I'm going to stand by my observations posted on Facebook.  I think this mandolin is by Orville and it simply pre-dates the full development of his F-style.  Now, if we knew for sure when it was made, we might think differently.

The one thing that stands out to me is that the F-attributes are there.  When you remove the violin type cuts in the side, it really starts taking on the look.

What I'm saying is I think this looks more like something evolving INTO an F instead of an F devolved into this.

I think we should quit saying this doesn't look Orville and that doesn't and consider that it could pre-date everything Orville finally decided on.

Thanks for posting this on MandolinCafe as I asked Alex.

----------


## MikeEdgerton

I knew I'd seen that mandolin before. It's *here*.

----------


## Michael Weaver

> I knew I'd seen that mandolin before.

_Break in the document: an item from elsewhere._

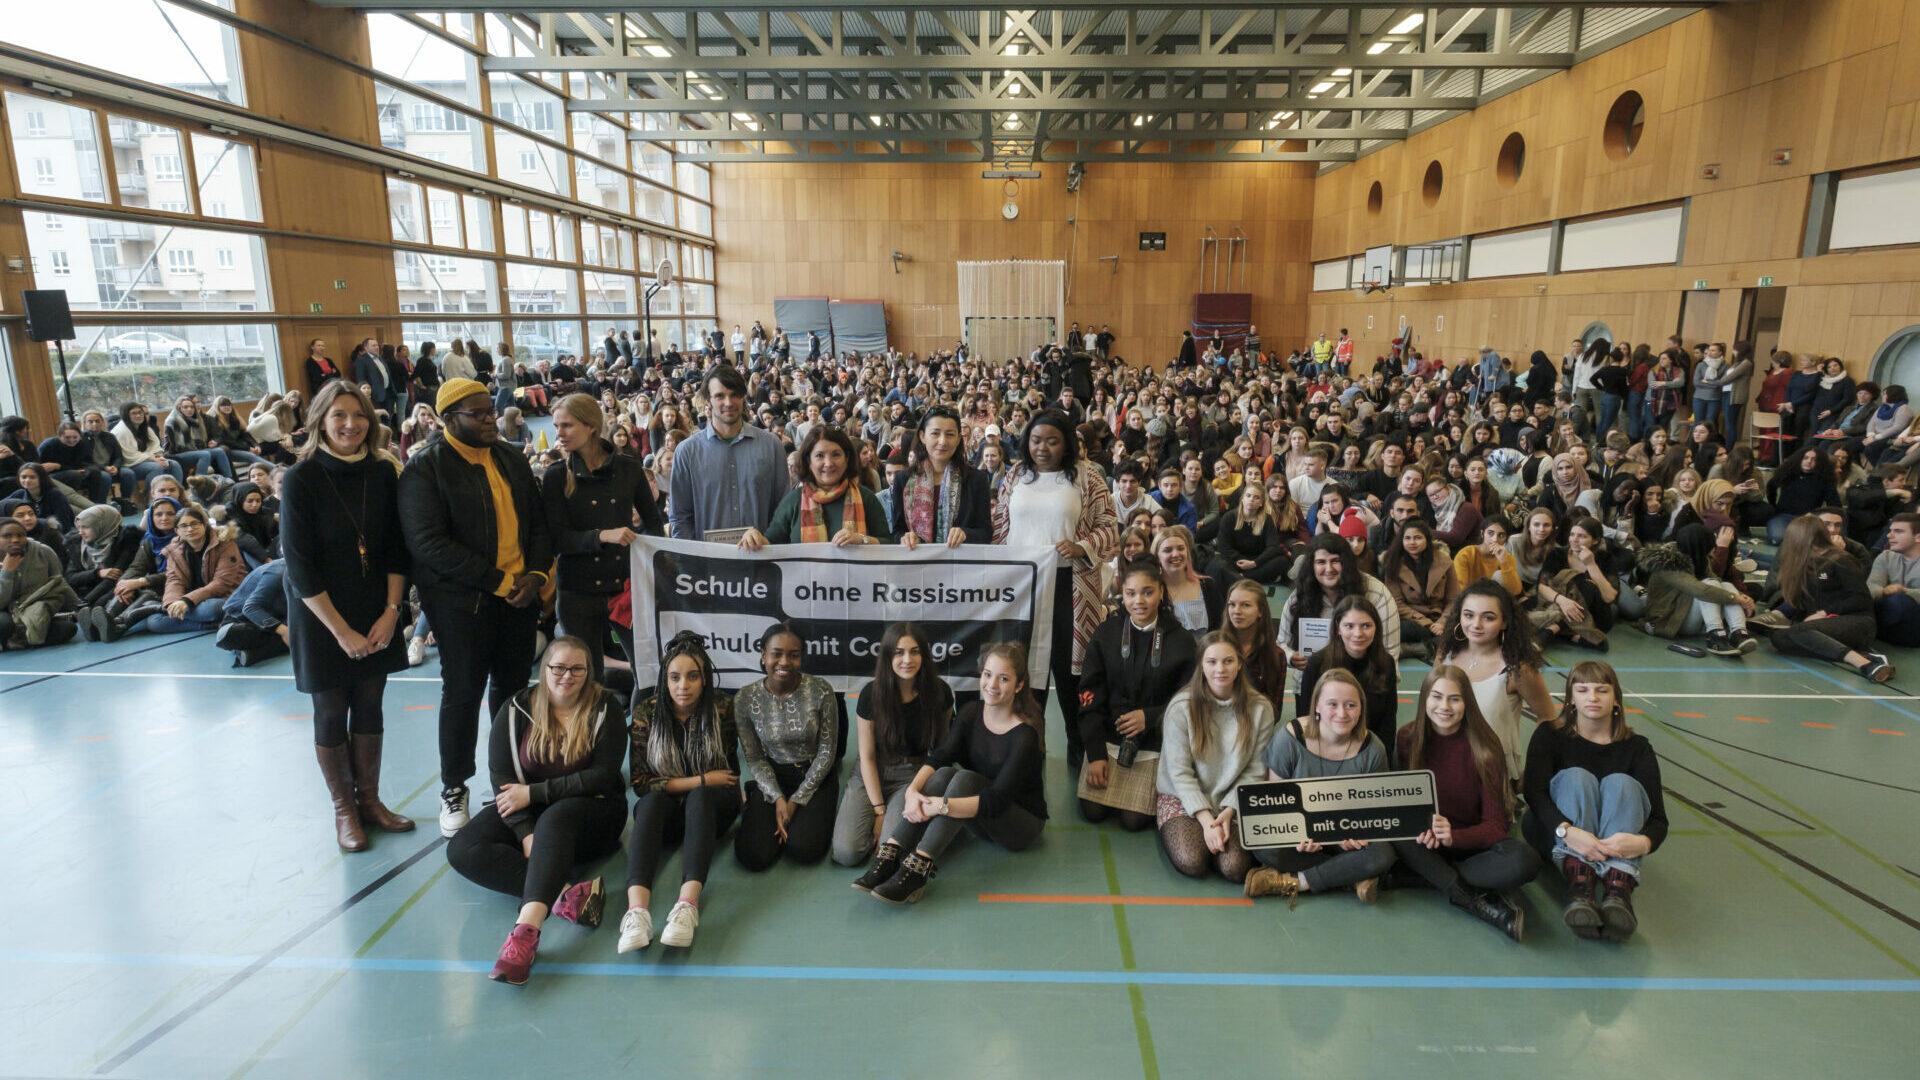 Eine Große Gruppe von Menschen in der Trunhalle einer Schule bei der Titelverleihung

It's here.


Hmmmm....interesting!

----------


## Jim Garber

> The OP makes the same claim about the tailpiece ... but in point of fact, that lyre tailpiece appears on precisely zero of the Orville mandolins one can find in a Google image search.


Well, not exactly... it is on one of the Lyre mandolins but I agree that could easily have been replaced as well and is not a basis for attribution to the maker.

----------


## Timbofood

The "Lyre" I saw back in the mid '70's had a pineapple TP if memory serves.
I suppose the argument for it preceding the accepted "F" style is reasonable enough but....

----------


## MikeEdgerton

The Lyre mandolin that surfaced at Gruhn's in 2006 had the same tailpiece as the OP's does and the headstock inlay is more like that on the OP's mandolin. (Photo from Siminoff page linked to above)

Oops and posted by Jim Garber previously.

Detailed photo's of this mandolin can be found *here*, including a closeup of the carving on the Lyre mandolin bridge.

----------


## MikeEdgerton

So far all of the Orville built instruments I've seen seemed to have a volute where the neck meets the headstock. Did they all have that?

----------


## Timbofood

I will never forget the day when the lyre mandolin came through the door, there were four of us standing there pretty much dumbfounded! The guy had made a trade at the drag races the day before and had heard about the store, happy he came to see us before he went to the factory! I know this all has been brought up before but, it jogged the memory.

----------


## Steve Davis

The reply was meant for Graham.

----------


## barney 59

> I knew I'd seen that mandolin before. It's *here*.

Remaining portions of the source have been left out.